Sport und Gesellschaft

Die Wahrheit über Oliver Kahn – das Scheitern der Nachfolge als soziales Problem

Das Schauspiel, das sich gerade beim FC Bayern München abspielt, ist ein allzu oft vernachlässigtes Merkmal von Organisationen – auch abseits von Fußball.

Oliver Kahn (Foto) und Hassan Salihamidzic wurde die Versetzung verweigert, Ersterer erhielt sogar schlechte Kopfnoten.
Oliver Kahn (Foto) und Hassan Salihamidzic wurde die Versetzung verweigert, Ersterer erhielt sogar schlechte Kopfnoten.Laci Perenyi / imago

Ist das noch Fußball? An den Vorgängen in der Profiabteilung des FC Bayern München lässt sich gerade ablesen, welche Schwierigkeiten die geordnete Anleitung einer Organisation bereiten kann. War man im Verein an der Säbener Straße im Süden der bayerischen Landeshauptstadt lange davon ausgegangen, über Spezialwissen und Erfahrung in Sachen Führung zu verfügen, so ist jetzt wohl zu konstatieren, dass dies mit Tabellenführung verwechselt worden ist.

Nachfolgeregelungen gehören zu den Kernfragen einer Organisation, und allzu oft lässt sich deren Scheitern beobachten. In München offenbarte sich dies zum Wochenende in Form von Ausschluss und Feierverbot. Zwei verdienten Altmeistern, Oliver Kahn und Hassan Salihamidzic, wurde die Versetzung verweigert, Ersterer erhielt sogar schlechte Kopfnoten. Sobald es persönlich wird, ist die öffentliche Aufmerksamkeit garantiert. Der Münchner Fußballklub darf sich als Gebilde rühmen, zu dem alle eine Meinung haben – so oder so.

Im modernen Staatswesen dienen Wahlen dazu, eine geordnete Nachfolge zu regeln. Wenn es klappt, nennt man das Demokratie. Geht es aber schief, kann es für sehr viele Menschen schlimme Folgen haben. Diktatoren haben keine Skrupel, Kriege zu entfachen, um an der Macht zu bleiben. Die Übergabe des Zepters kommt in ihrem Weltbild nicht vor. So gesehen ist das Interregnum von Hoeneß und Rummenigge beim FC Bayern eine zivile Lösung. Das Scheitern der Nachfolgereglung muss allerdings als ihr Versagen verbucht werden.

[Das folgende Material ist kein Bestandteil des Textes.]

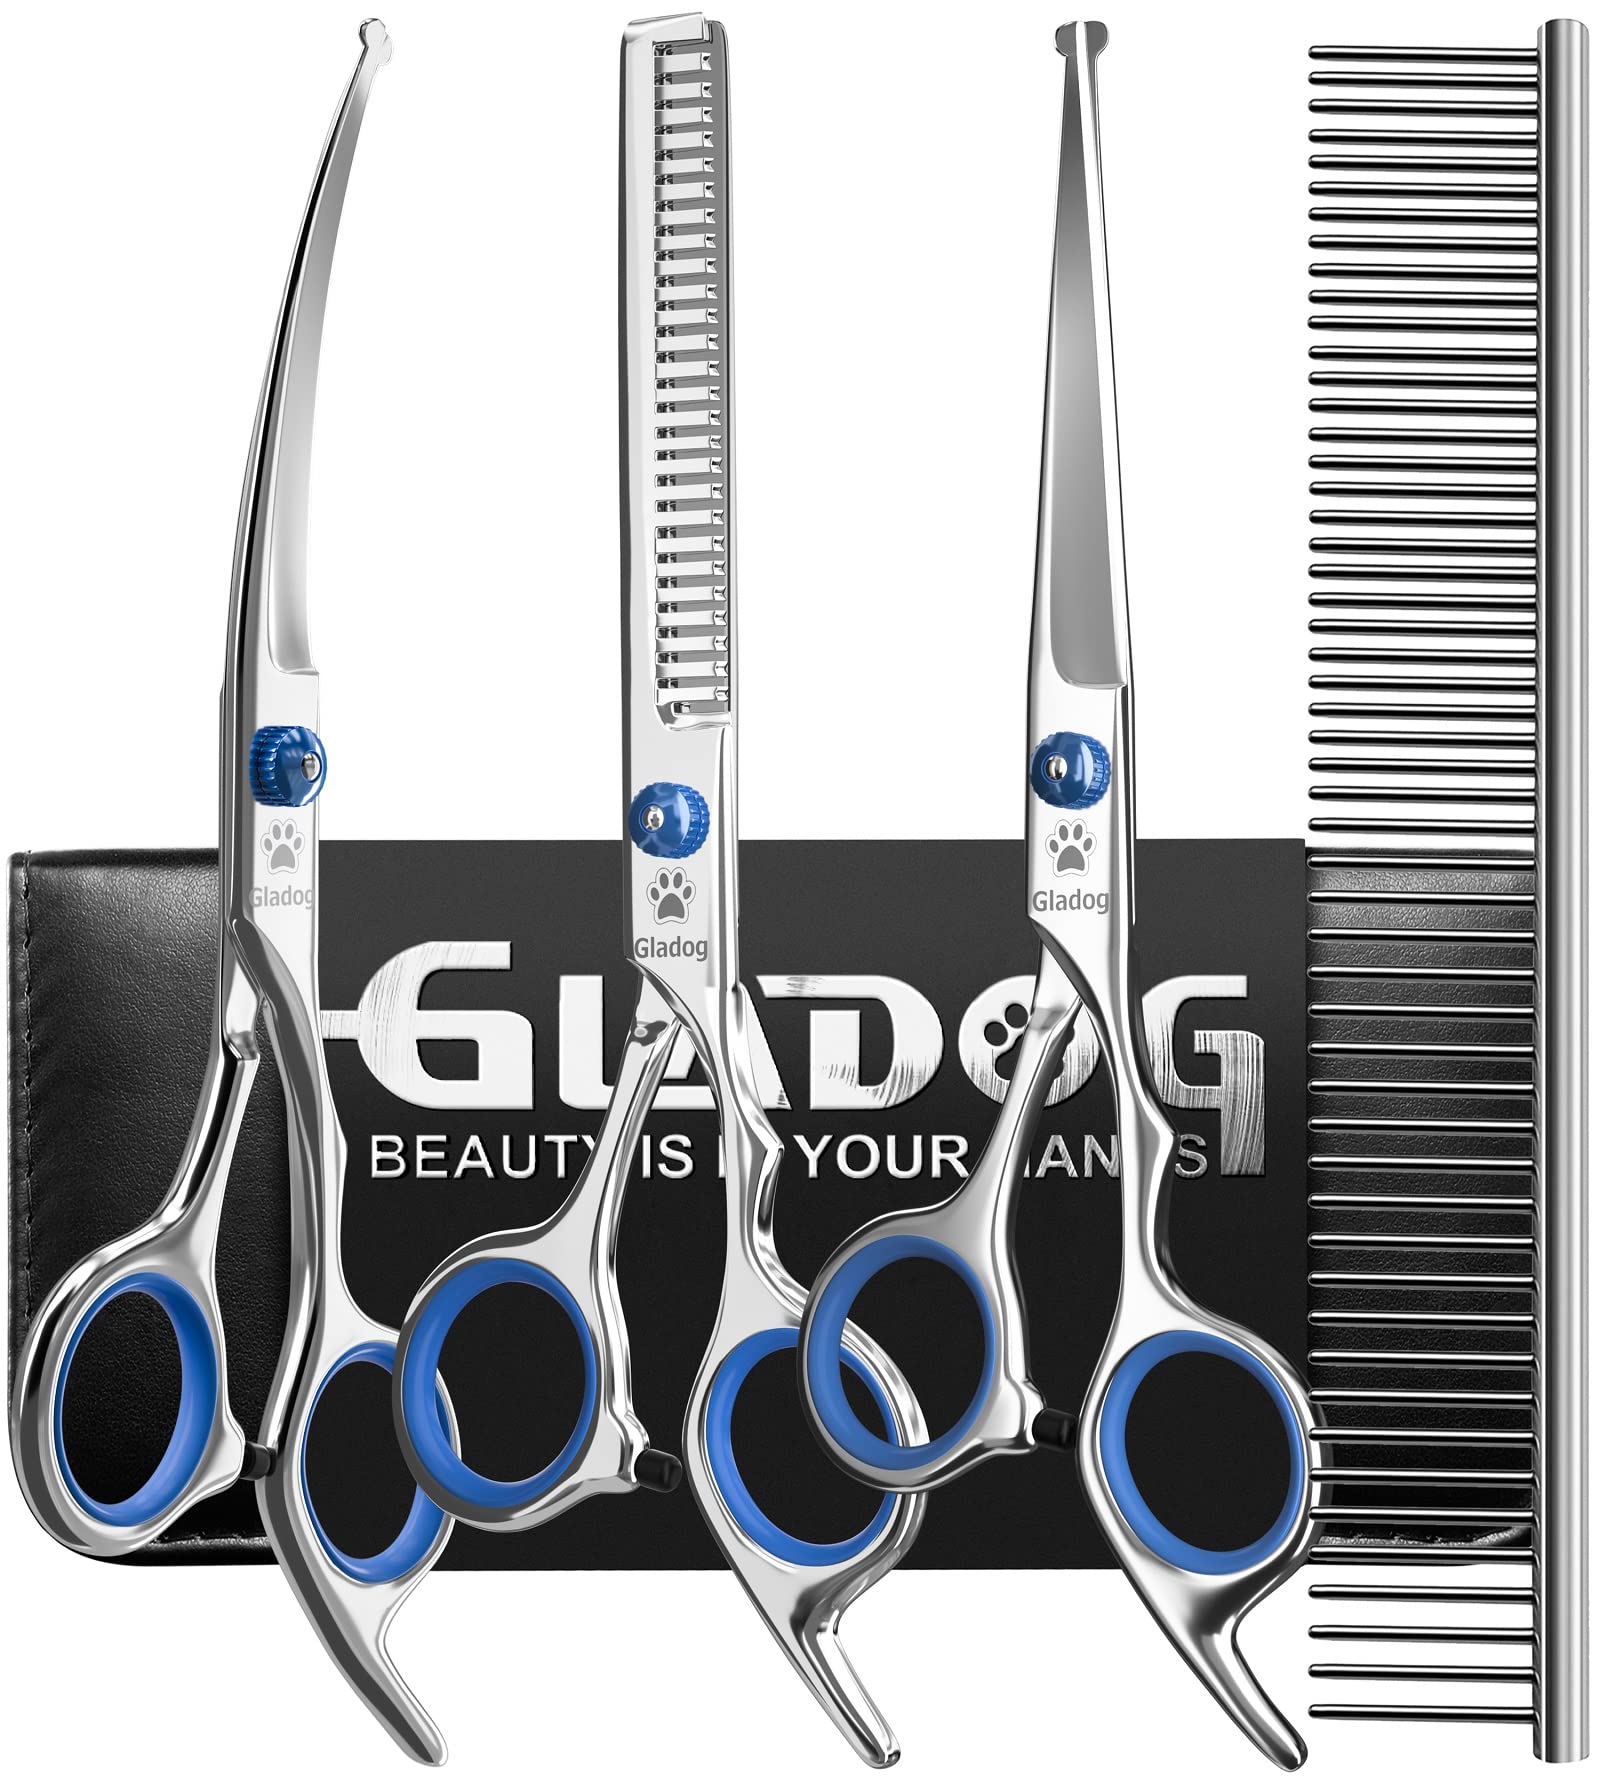 GLADOG Professional 5 in 1 Dog Grooming Scissors Set with Safety Round Tips, Sharp and Durable Pet Grooming Shears for Cats Blue 5 in 1
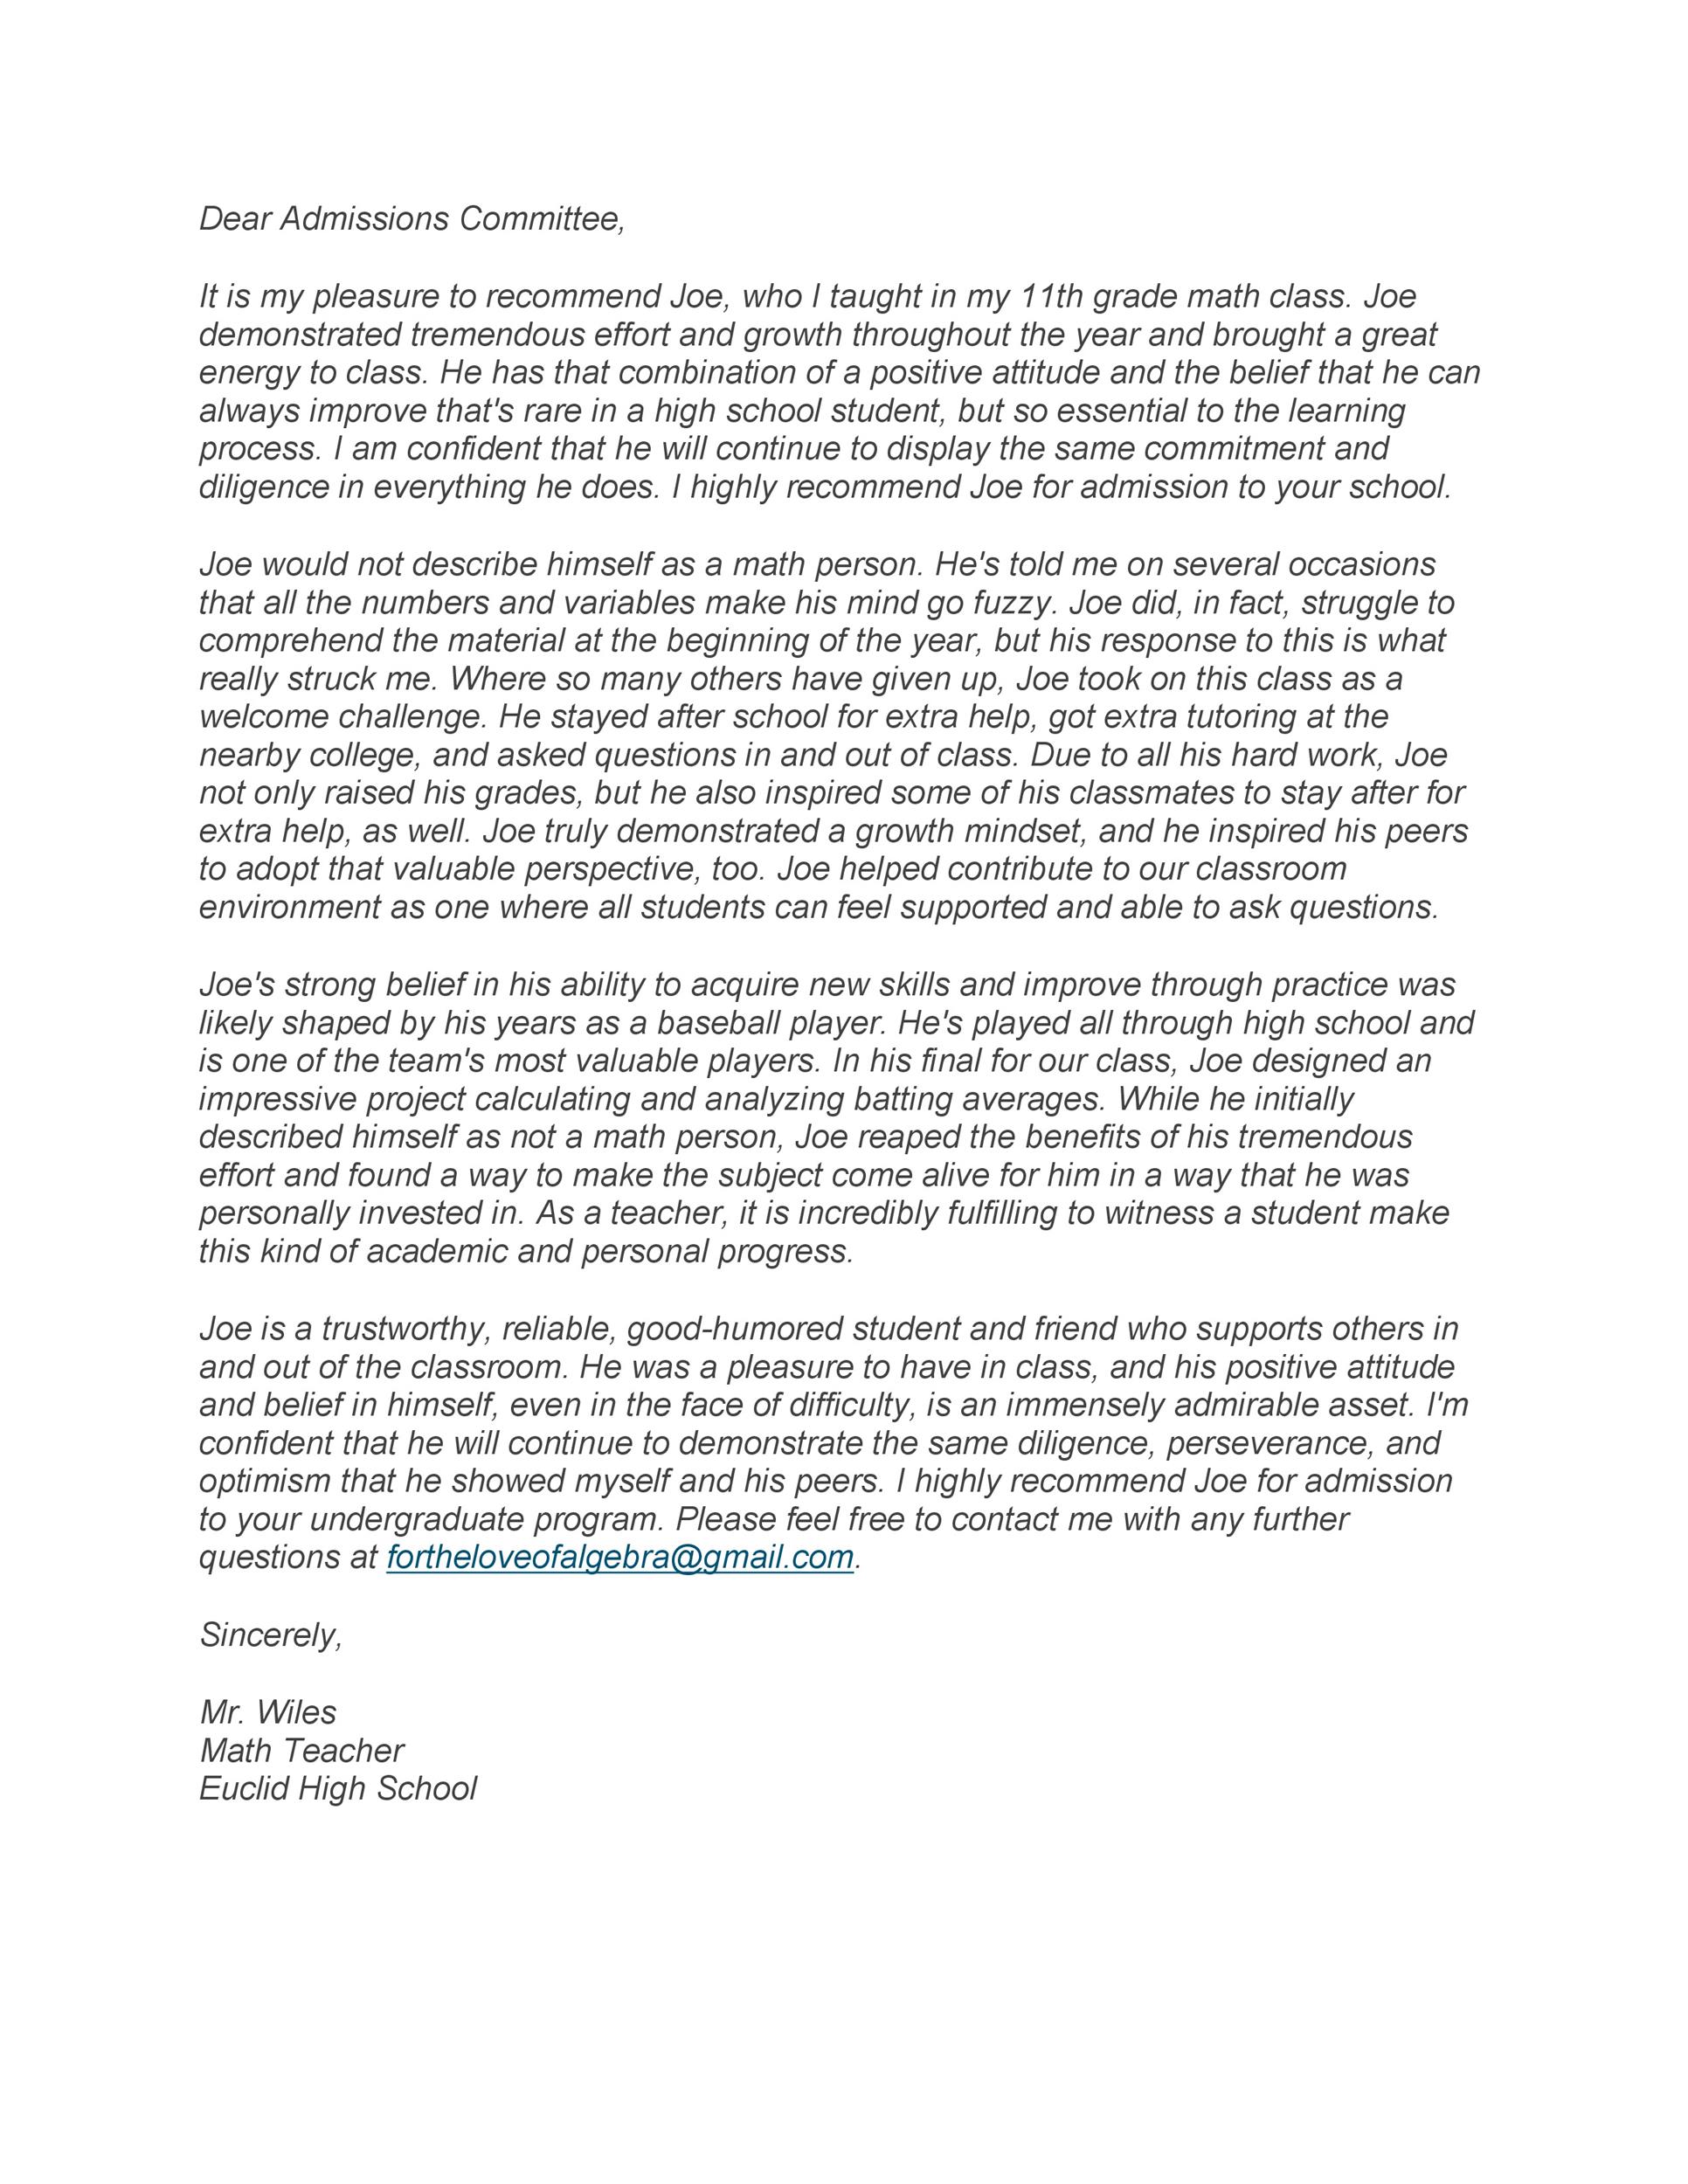 Recommendation Letter Sample For Student From Professor from templatelab.com

Der Wildwuchs informeller Strukturen

Sie haben verkannt, was der Soziologe Niklas Luhmann in seinem Buch „Der neue Chef“ (Suhrkamp) als markantes Problem des Verwaltungshandelns beschrieben hat. Primitive, relativ ungegliederte Sozialordnungen, so Luhmann, beruhen in hohem Maße auf sozial vorgeschriebenen und eingelebten Rollenkombinationen in je einer Person. „Das Familienoberhaupt ist zugleich Produktionsleiter, Kriegschef, Vortänzer, Mitglied des Stammesrates und anderes mehr.“

Die Probleme fangen damit an, dass Nachfolger meist damit überfordert sind, in all diese Rollen zugleich einzurücken. Wenn der alte Chef geht und der neue noch nicht etabliert ist, treibt der Wildwuchs informeller Strukturen seine Blüten. Schöner hat es nur Dolly Parton gesagt: „Wild Flowers Don’t Care, Where They Grow“. Für Außenstehende stellt die Ungewissheit der Nachfolge ein Schauspiel dar, das sehr oft noch als Männerding aufgeführt wird und je nach Gemütslage Schauder, Spaß oder Lust bereitet.